WHAT YOU ARE ASKED TO DO: Among the lines below, a stretch begins at the one with "Aintree Automobile Racing" and ends at the one with "BiKase Koolpak Insulated". Repeat that stretch exactly, ends included.

TASK INPUTS:

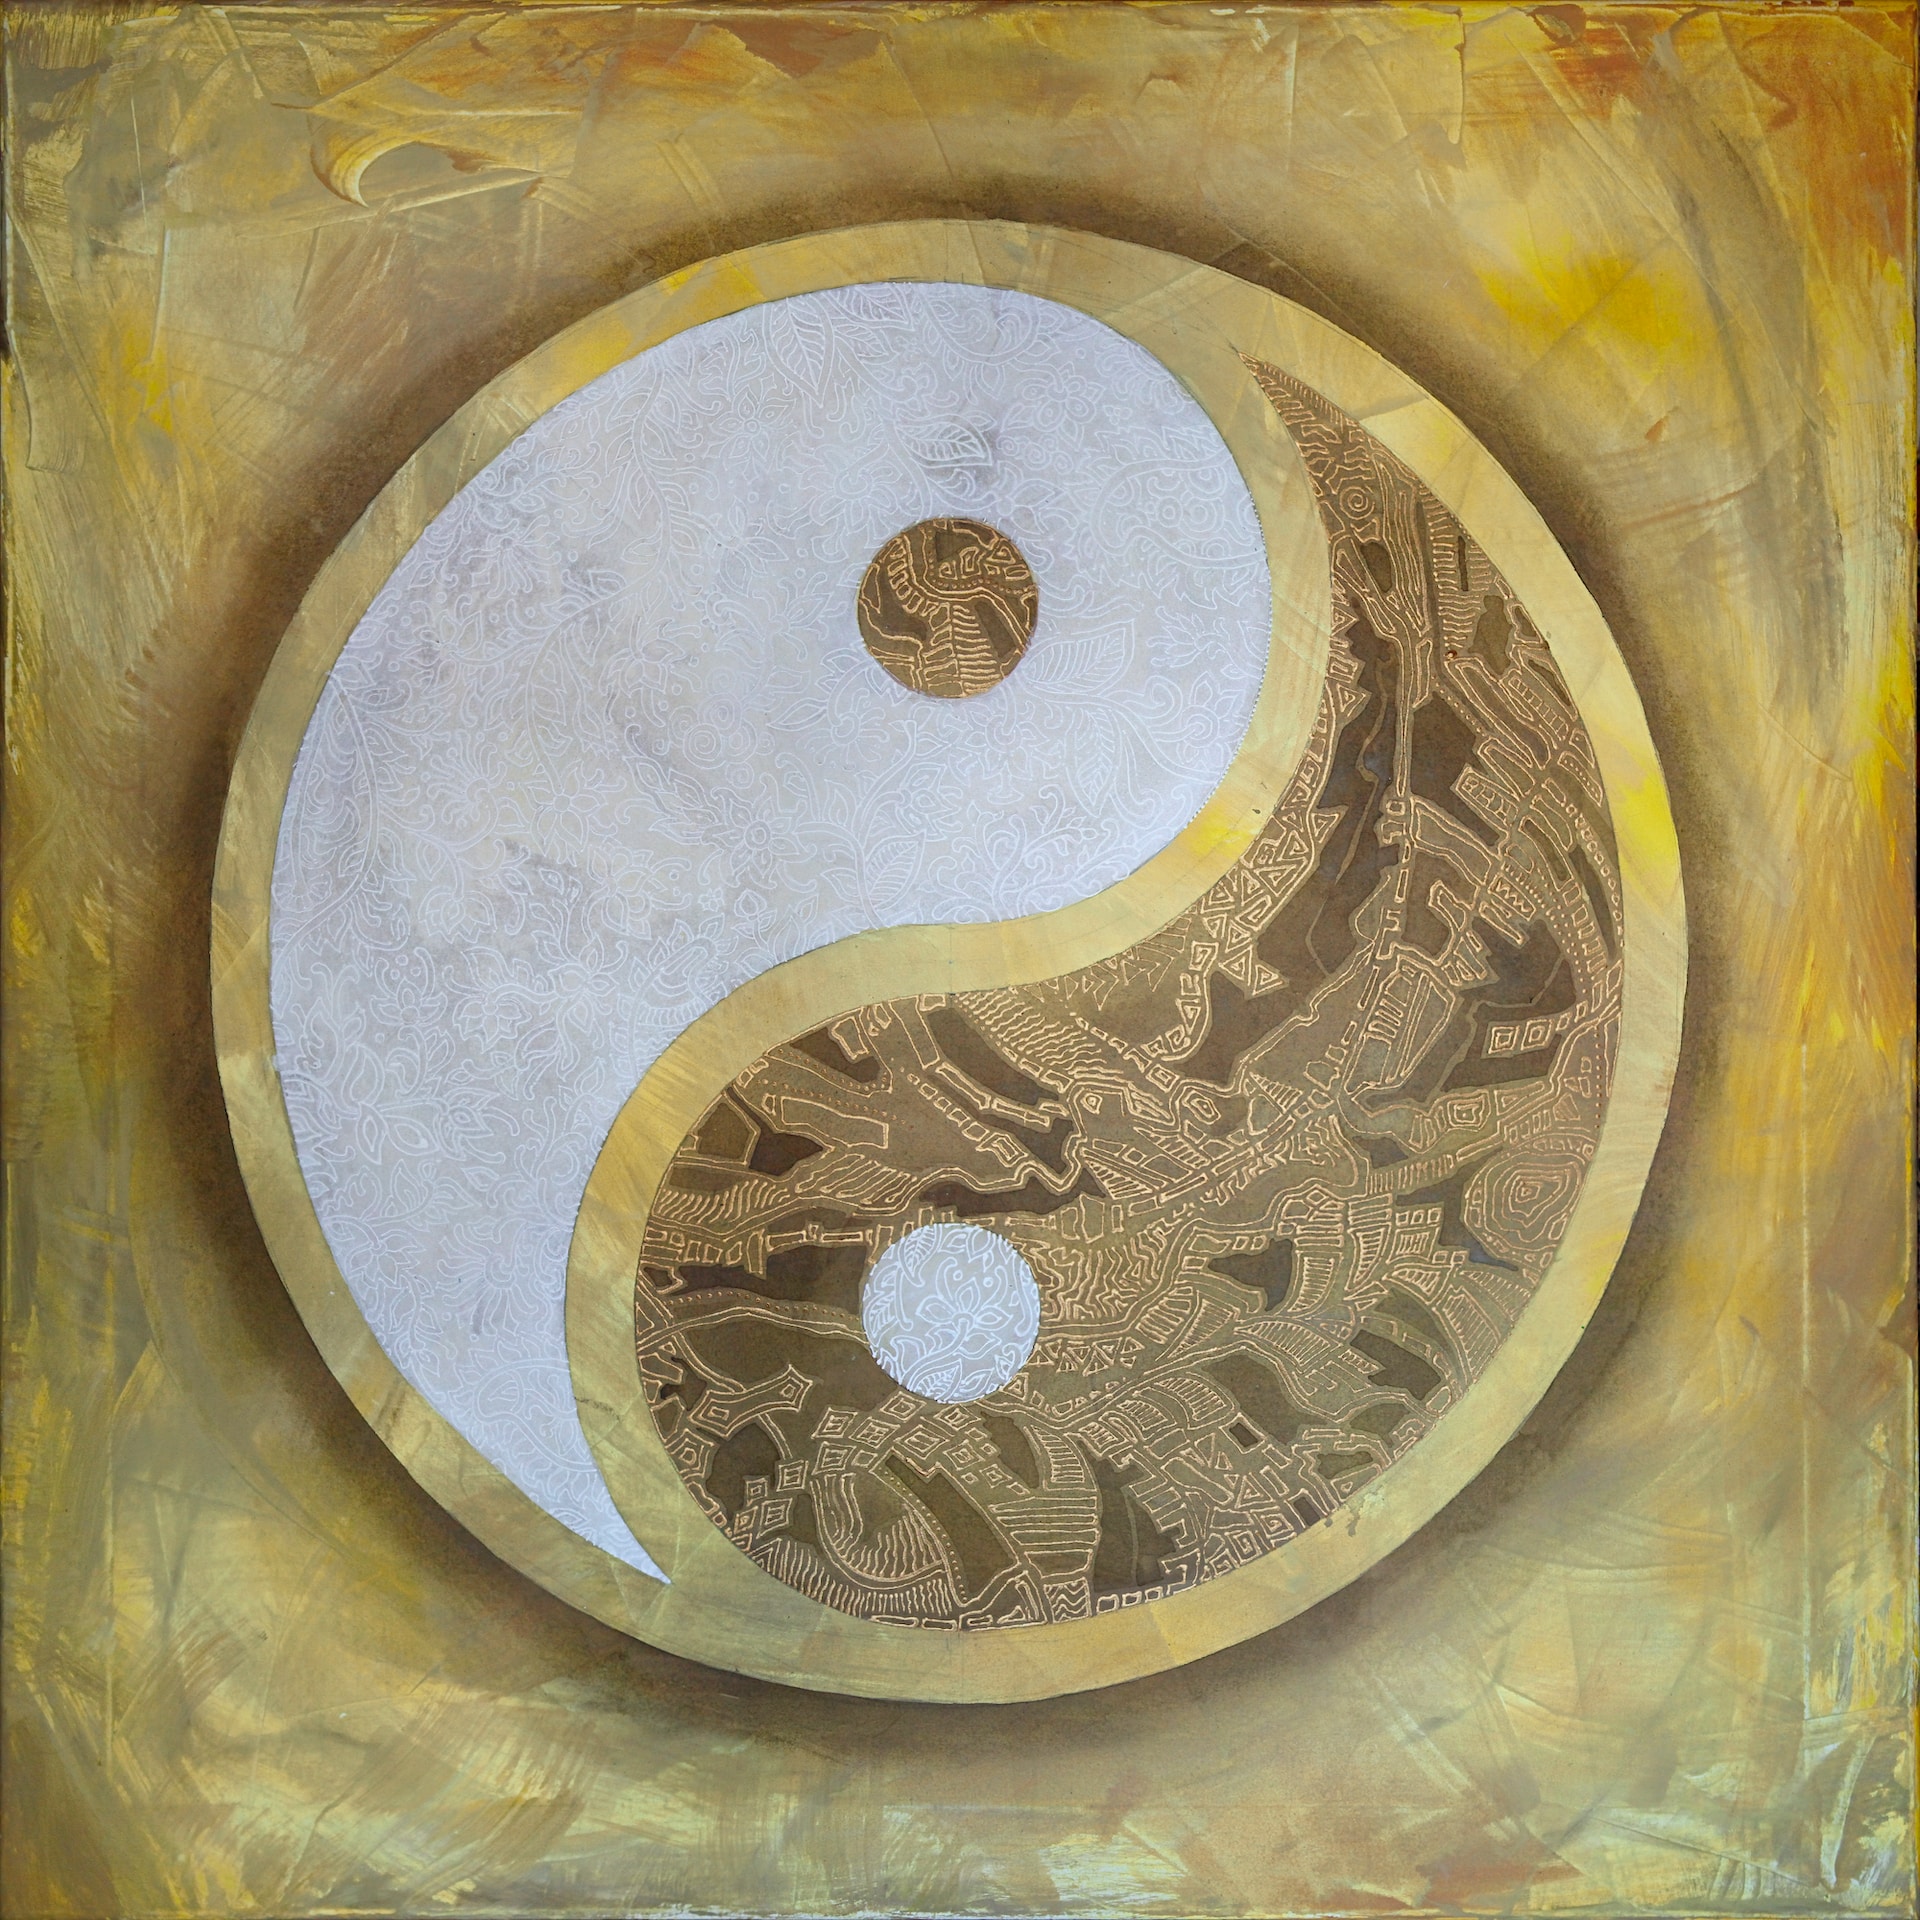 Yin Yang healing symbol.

...

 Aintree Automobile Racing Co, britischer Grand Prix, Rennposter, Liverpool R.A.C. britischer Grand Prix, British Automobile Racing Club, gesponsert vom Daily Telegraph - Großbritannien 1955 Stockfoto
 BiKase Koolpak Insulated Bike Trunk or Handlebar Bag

FINISHED EXERCISE:
 Aintree Automobile Racing Co, britischer Grand Prix, Rennposter, Liverpool R.A.C. britischer Grand Prix, British Automobile Racing Club, gesponsert vom Daily Telegraph - Großbritannien 1955 Stockfoto
 BiKase Koolpak Insulated Bike Trunk or Handlebar Bag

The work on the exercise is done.